00:08:06.800 Moreover, we also eliminate unnecessary method calls. A method is considered pure if it doesn’t modify any non-local variables or if it doesn’t yield any blocks that might alter state. If a method's behavior is known to be pure, it can be optimized away, greatly simplifying the execution pathway. However, it's essential to note that this purity is often context-dependent. In cases where we cannot determine if a method is pure or not—particularly when dealing with C-written methods—we opt for caution. The goal is to ensure that methods requiring input and output remain intact while still eliminating redundant calls wherever possible.

00:09:40.400 Next, we have variable elimination strategies to ensure that when local variables are unnecessary, we can safely reduce overhead by removing their assignments. This requires a detailed analysis to assess if variables can be classified as lifeless based on their usage patterns. We perform this optimization during runtime for efficiency, ensuring that the optimizations can occur on the fly while also accounting for any modifications that may arise through binding to other methods.

00:11:05.480 In summary, optimizing through C-level adjustments has provided several key advantages, yielding efficient methods without overly complicating existing structures. Notably, the optimizations we implemented during runtime maintain critical VM states while stripping out unnecessary checks and balances. Although we haven’t directly discussed handling contradictions or exceptions, I want to emphasize that they don’t interact negatively with these optimizations.

00:11:51.719 In our benchmarks, we assessed the proposals against Ruby version 2.4 using standard benchmark libraries under controlled conditions. Results indicate a noticeable difference, with most benchmarks yielding improved execution performance. Here are the test results illustrated—values greater than one signify improved speed, while values below indicate slower performance.
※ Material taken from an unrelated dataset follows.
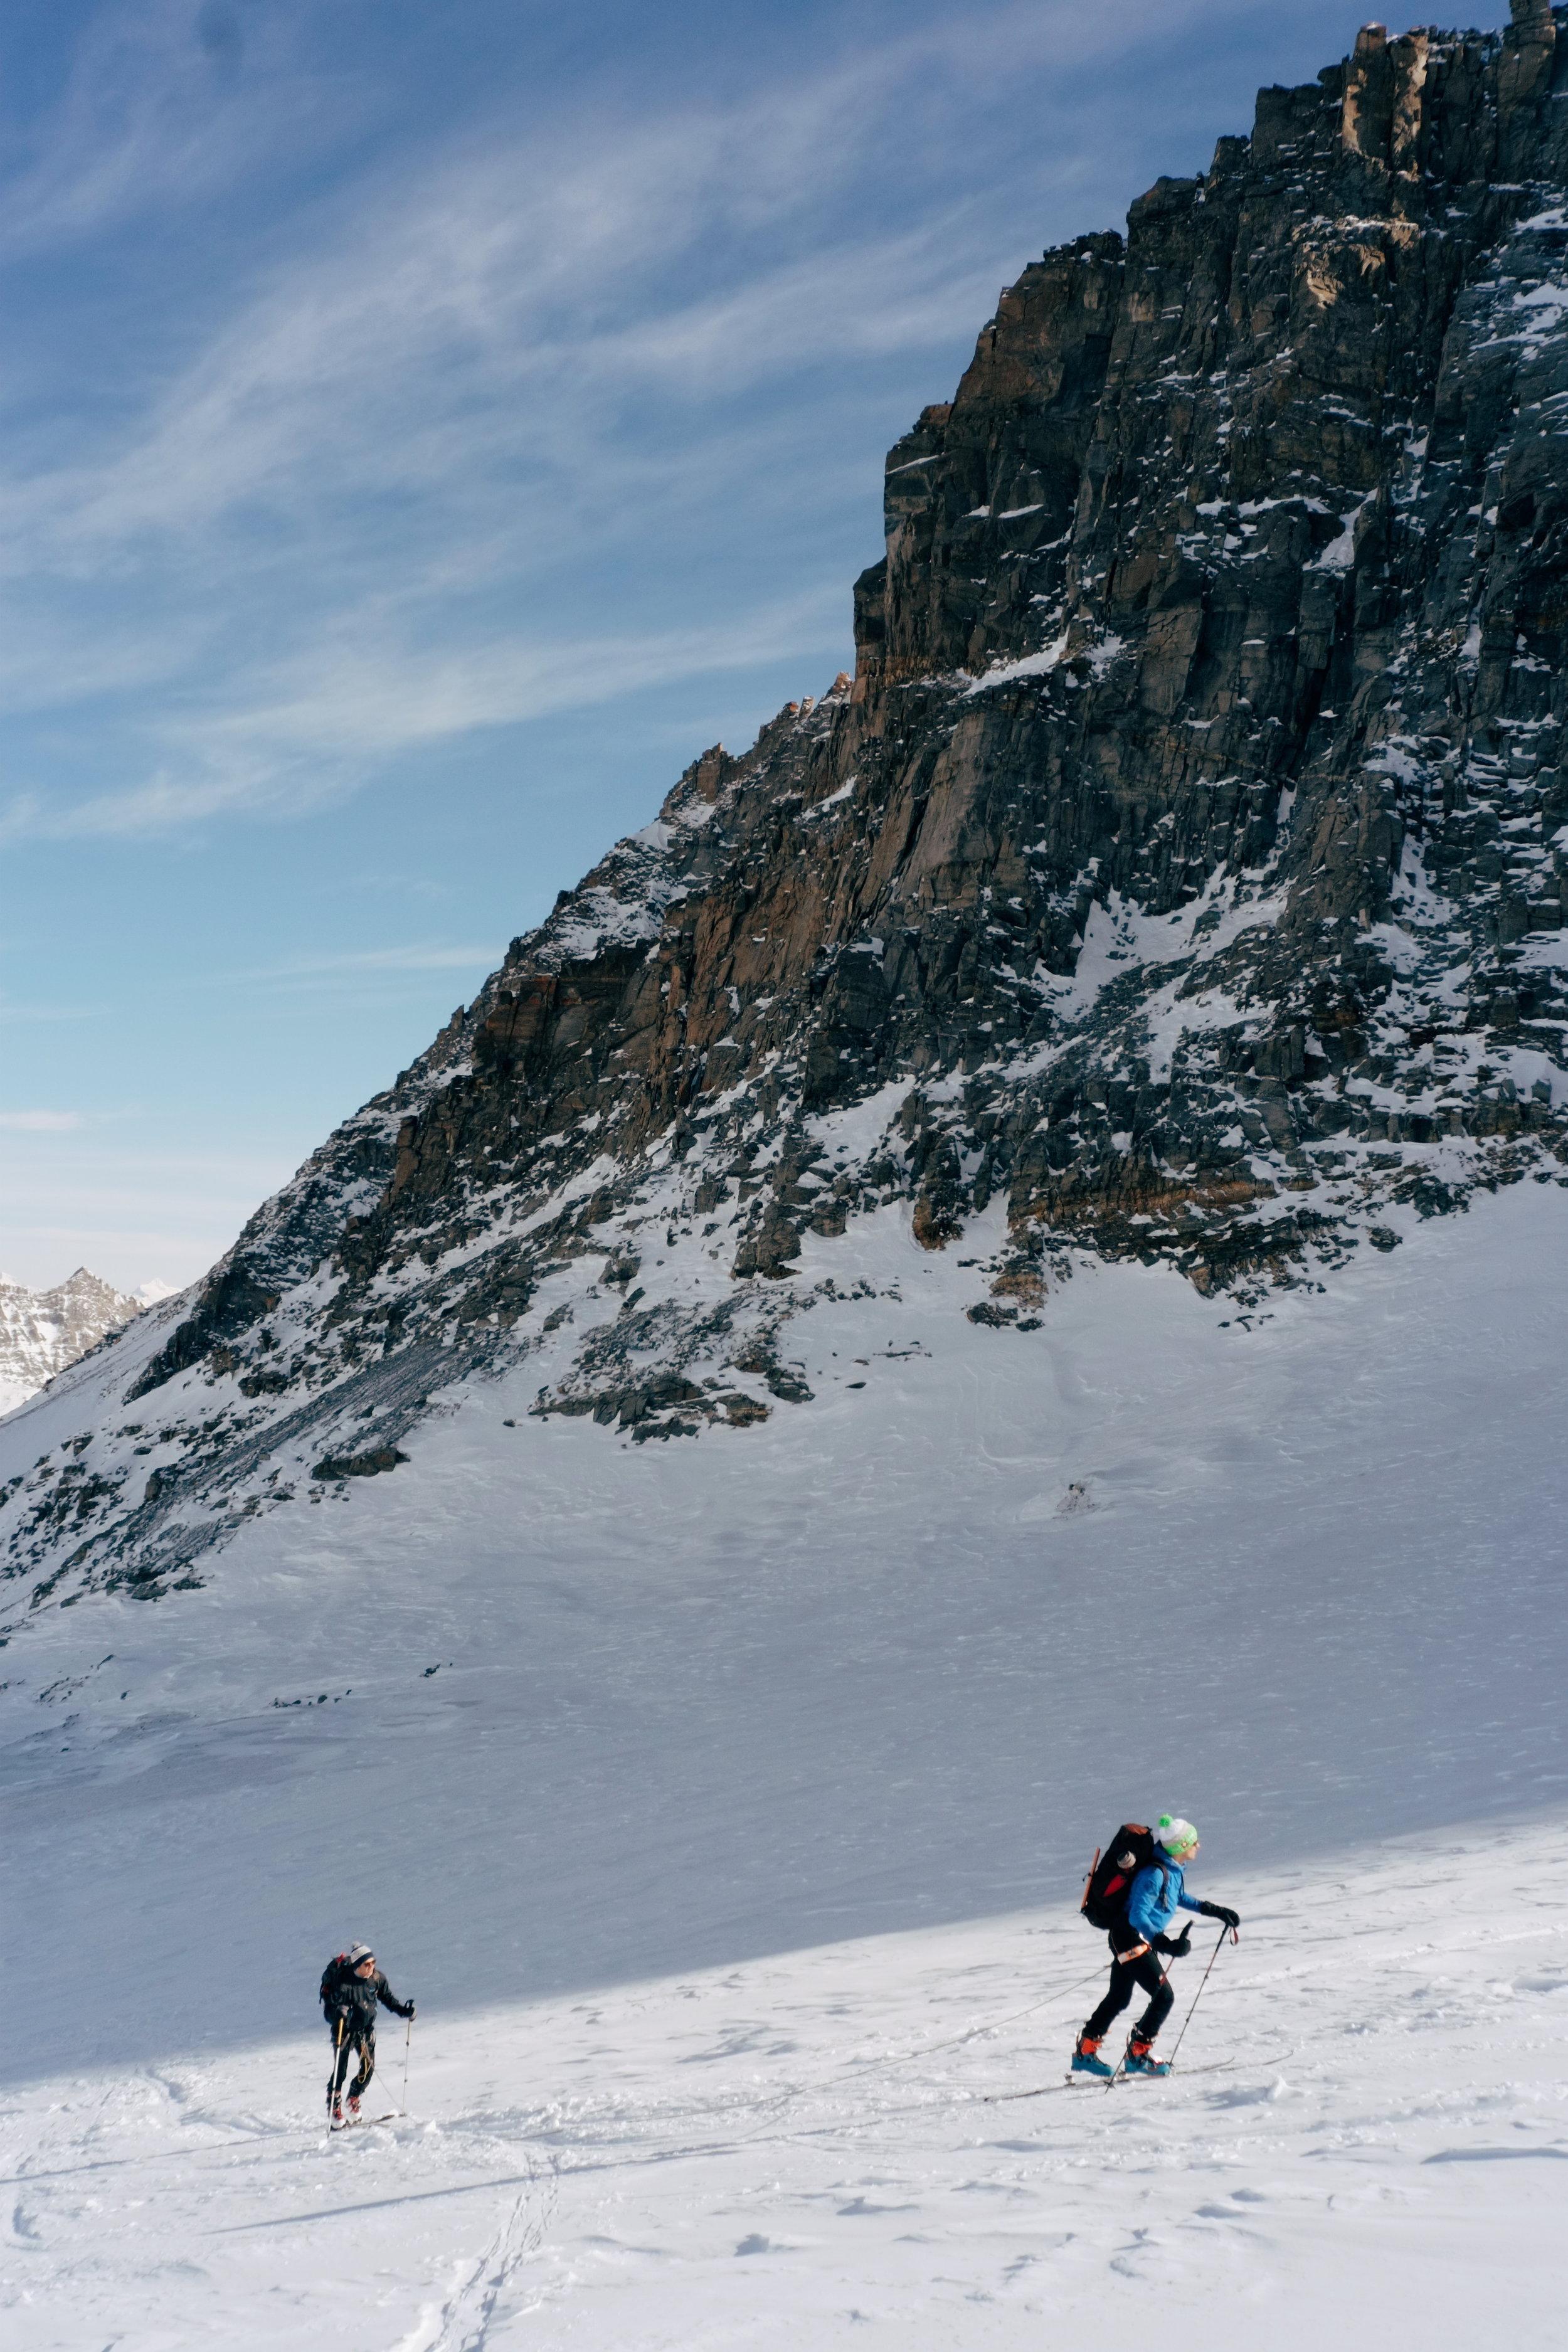 Montée encordée sur la glacier de Laveciau.

It's important to note that not every area boasted dramatic improvements, and some benchmarks performed slightly slower than the original Ruby execution.

00:12:23.920 On one hand, we see some benchmarks achieving exceptional speed, yet on the other, some tests suggested slower execution under specific conditions. A striking example observed from the data is the Evo method benchmarks, which showcased a marginal overhead despite being slower overall. The key to efficient optimization lies in how each piece of code interacts with state and how we manage secondary overheads during execution. Ultimately, variable elimination provided vital speed-ups in several cases, indicating our method's potential for boosting performance.
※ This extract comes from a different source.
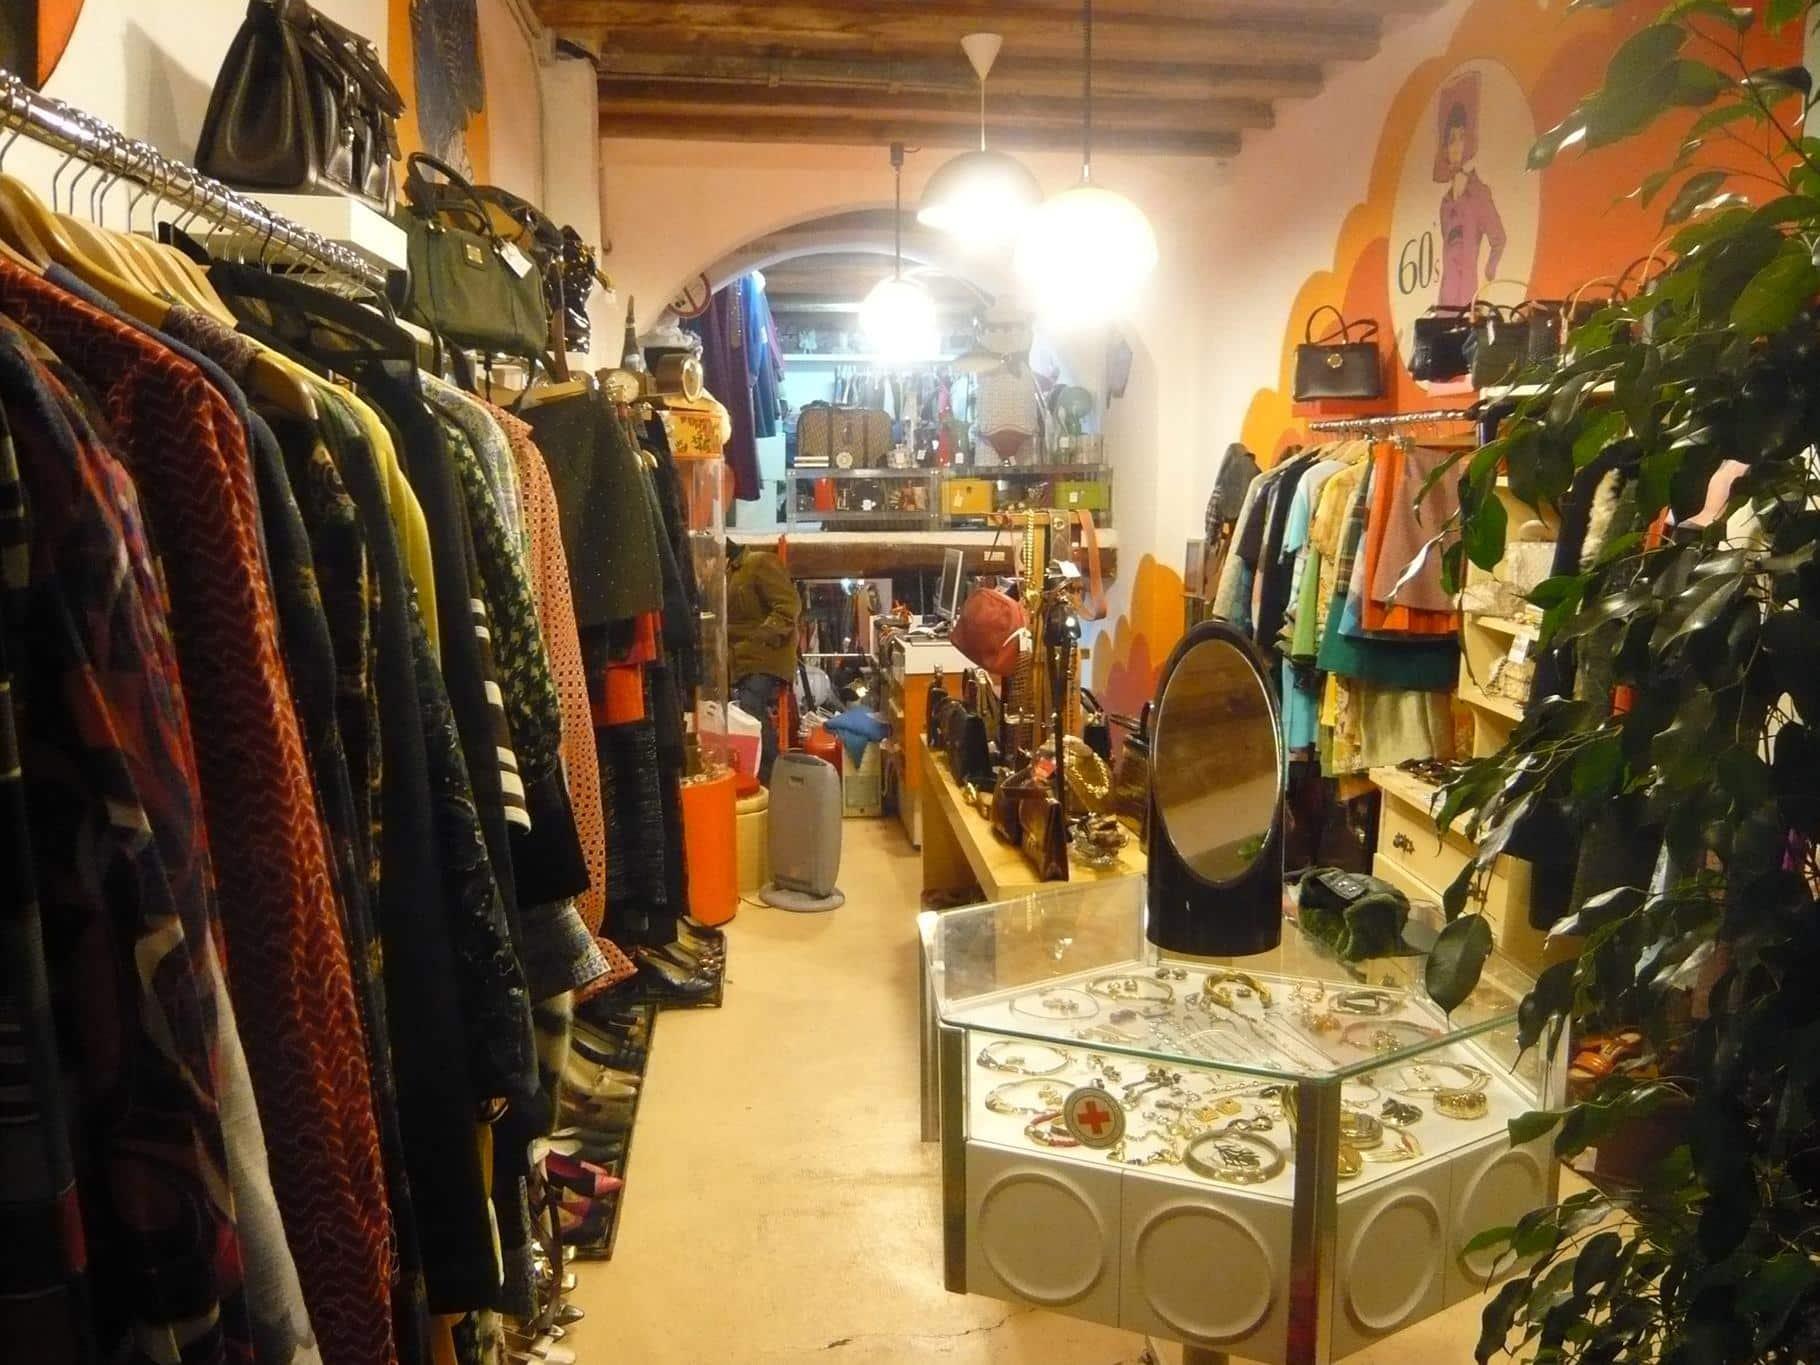 ¿Te gusta la decoración vintage? Estas 3 tiendas te encantarán - tiendas-en-barcelona, novedades, lugares

00:13:45.360 As we conclude this discussion, I’ve presented the optimization engine implemented in CRuby version 2.4. The benchmarks showed that we can boost execution speeds by up to 400 times in certain cases. Given that this was the first attempt of this nature, it opens doors for future enhancements in our optimizations. Next steps will include working on more complex optimizations like C expression elimination, which may further improve Ruby's performance through reduced sequence sizes. We are also considering methods such as static library analysis and escape analysis, both of which may present useful optimization avenues. However, any such optimizations involving modifications to VM states should be approached with caution.

00:16:12.200 Thank you for your attention. I’d like to open the floor to any questions you might have regarding these findings or the optimization strategies presented. It is essential to understand that optimizing Ruby can be achieved smoothly in your applications; however, we still have a long way to go regarding performance improvements. Thank you!